I wasn't aware that is actually Lua byte code. That makes so much more sense now. I thought that the swbf developers created their own binary format.

I will definitely check out your talk and the documentation.

Thanks for the hints!

BAD-AL commented 2 years ago

I wasn't aware that is actually Lua byte code. That makes so much more sense now. I thought that the swbf developers created their own binary format.

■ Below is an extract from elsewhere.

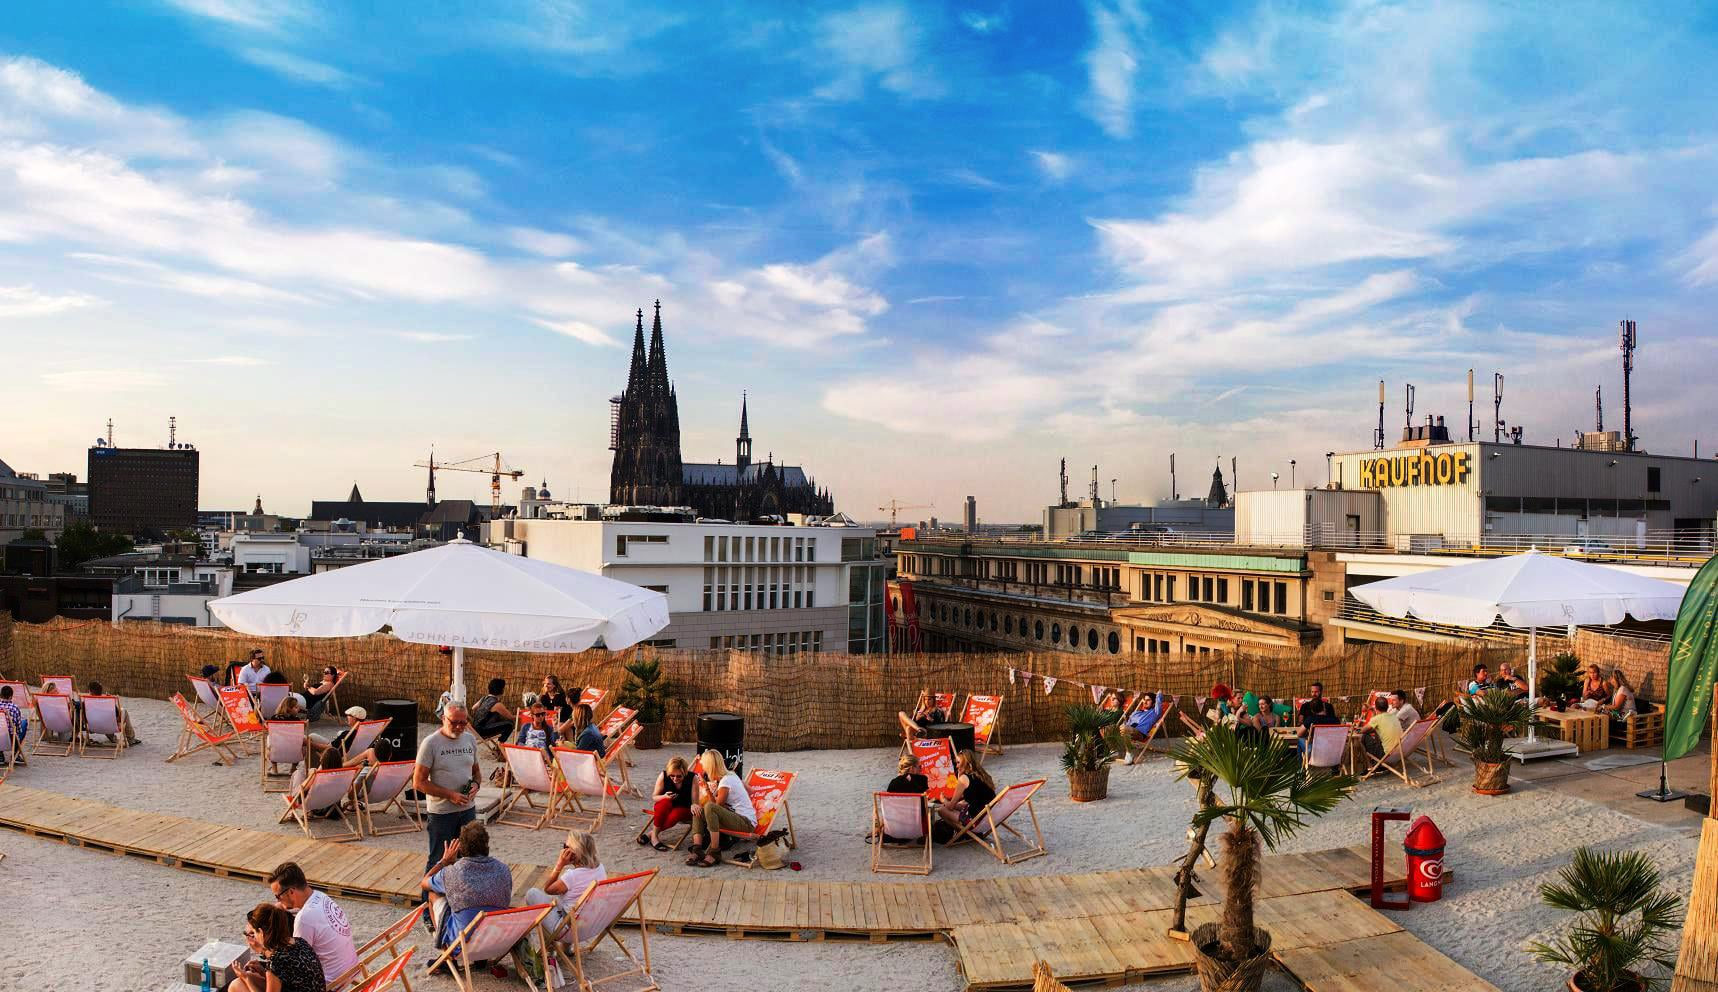 Mit einem atemberaubenden Blick direkt auf den Dom und das Kölner Stadtpanorama darf man hier – bei einem coolen Sundowner auf Kölns höchster Beachbar – Urlaubsfeeling mitten in der City genießen! copyright: SonnenscheinEtage

I will definitely check out your talk and the documentation.

Thanks for the hints!

If you're still new to SWBF2 modding, I suggest the following page as a starting point: https://github.com/Gametoast/Documentation/wiki

styinx commented 2 years ago

Hi again, I managed to extract the Lua byte code (for version 4.0) and interpret the OP codes in the instructions. I haven't come around to create proper expressions from the instructions, but the current result of a script looks like this:

...
ReadDataFile,"GEO\geo1.lvl",()
SetDenseEnvironment,"false",()
SetMinFlyHeight,33554366,()
SetMaxFlyHeight,33554481,()
SetMaxPlayerFlyHeight,33554481,()
OpenAudioStream,"sound\geo.lvl","geocw_music",()
OpenAudioStream,"sound\cw.lvl","cw_vo",()
OpenAudioStream,"sound\cw.lvl","cw_tac_vo",()
OpenAudioStream,"sound\geo.lvl","geo1cw",()
OpenAudioStream,"sound\geo.lvl","geo1cw",()
SetBleedingVoiceOver,LOCAL,LOCAL,"rep_off_com_report_us_overwhelmed",33554432,()
SetBleedingVoiceOver,LOCAL,LOCAL,"rep_off_com_report_enemy_losing",33554432,()
SetBleedingVoiceOver,LOCAL,LOCAL,"cis_off_com_report_enemy_losing",33554432,()
SetBleedingVoiceOver,LOCAL,LOCAL,"cis_off_com_report_us_overwhelmed",33554432,()
SetOutOfBoundsVoiceOver,33554432,"repleaving",()
...

As you can see, some local variables are not resolved properly and some numbers are converted to ints instead of floats. I'll try to convert the OP codes into proper statements and expressions next.

I was wondering if you consider adding Lua as dependency, either by vcpkg or as submodule?